ETH Zürich » Computer Science » Theory » Cryptography

The Role of Physics in Cryptography

Algorithms, both for using and breaking cryptographic systems, are traditionally modeled as mathematical objects, and therefore cryptography and cryptanalysis are traditionally seen as mathematical disciplines. However, all processes in the real world, including computation and communication, are physical processes involving noise, quantum effects, and other uncertainty factors. This fact can be used both for the benefit and detriment of cryptography.

On the negative side, two developments should be mentioned. The first is quantum computing, leading potentially to efficient methods for factoring large numbers and computing discrete logarithms. The second is the exploitation (by the cryptanalyst) of different types of side information channels which are available because a cryptosystem is implemented and embedded in a physical environment (e.g. a smart-card). Examples of such channels are the time required for a certain computation (see Paul Kocher's work on timing attacks), the power consumption as a function of what is computed (e.g. differential power analysis), electro-magnetic radiation, or the behavior of a device when faults are provoked, e.g. by setting the power level outside of the specifications, by physical stress, or by applying electro-magnetic fields.

Designing tamper-resistant devices with only low-capacity side channels is a core issue in security engineering.
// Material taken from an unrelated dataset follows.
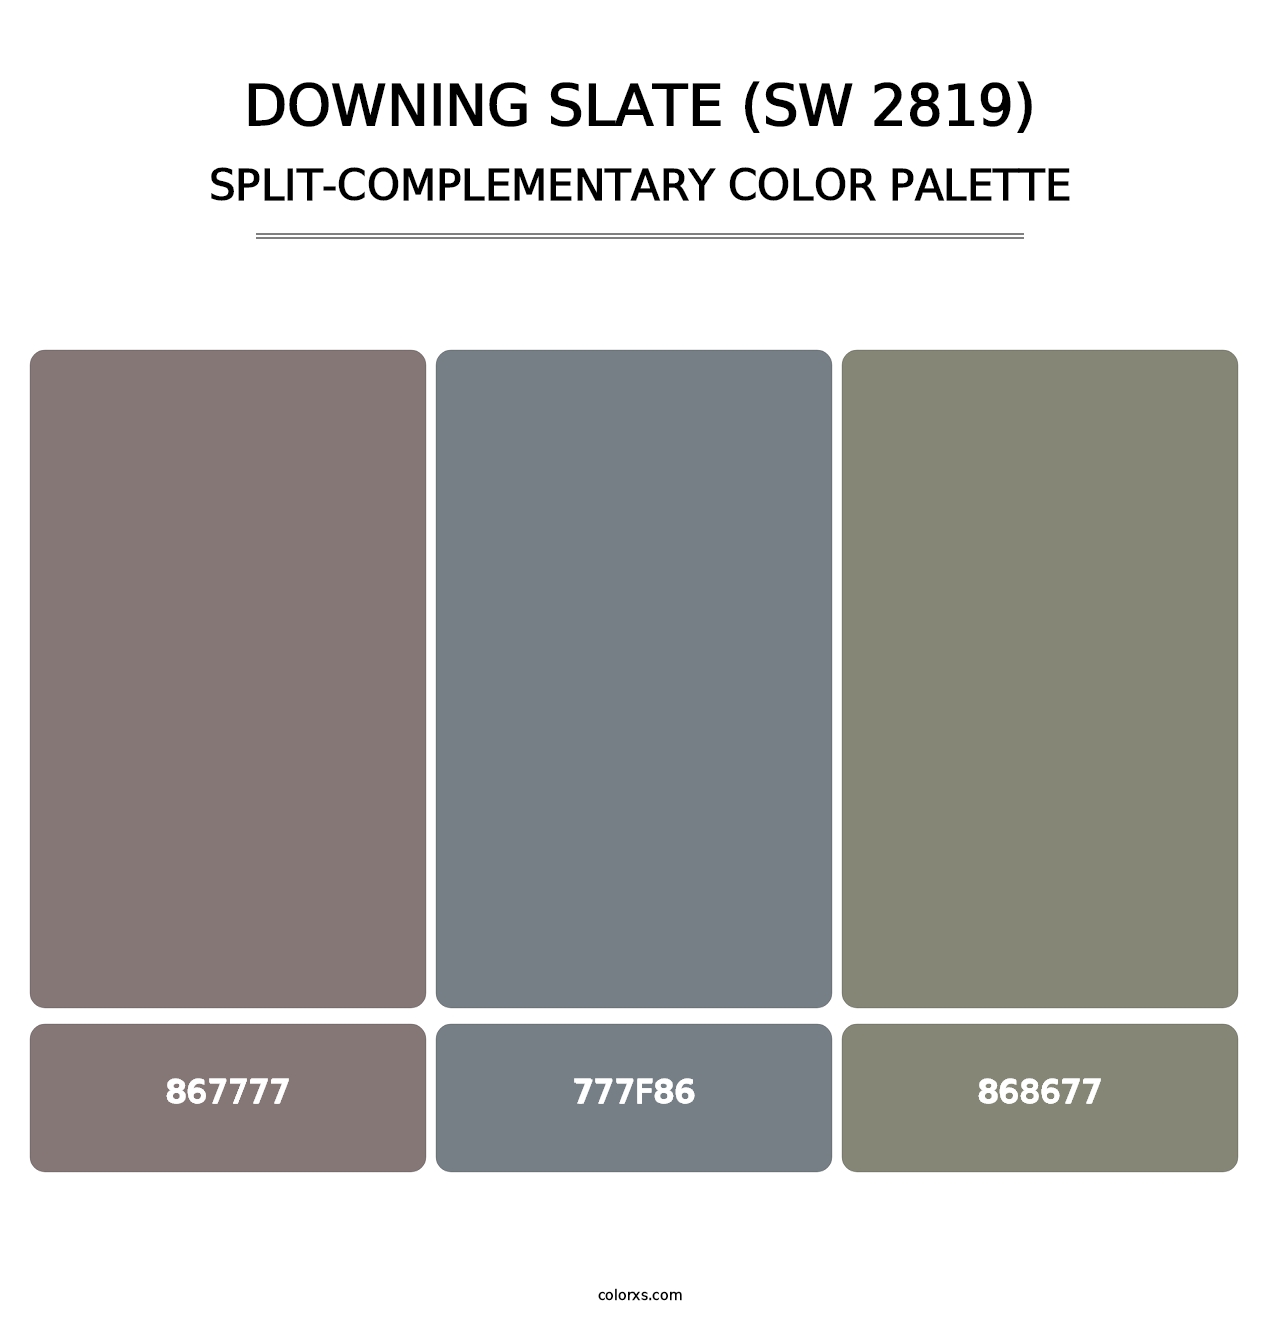 Downing Slate (SW 2819) - Split-Complementary Color Palette

Cryptographic research must propose adequate models of side channels and resistant implementation techniques, for instance by masking key values or reordering the sequence of instructions. In addition, one should try to devise algorithms whose implementations can be inherently less vulnerable to side-channel attacks.

On the positive side, one can exploit the fact that an adversary does not know the exact state of a physical system. A first possible source of uncertainty for the adversary is the inherent impossibility of measuring quantum states exactly. For instance, one can measure at most one bit of information about the polarization of a photon, which is a continuous quantity. Quantum cryptography is the discipline that exploits this fact.

A second source of uncertainty for the adversary is the noise in communication channels. Cryptography is usually used in a context where error-free communication channels (e.g. TCP connections) are available. In such a model, information-theoretic secrecy is possible only if, roughly speaking, the key is as long as the message. By combining cryptographic coding and error-control coding, perfect information-theoretic secrecy can be achieved by public discussion between two parties not sharing a secret key initially, by exploiting information available to them as well as (even more reliably) to the adversary.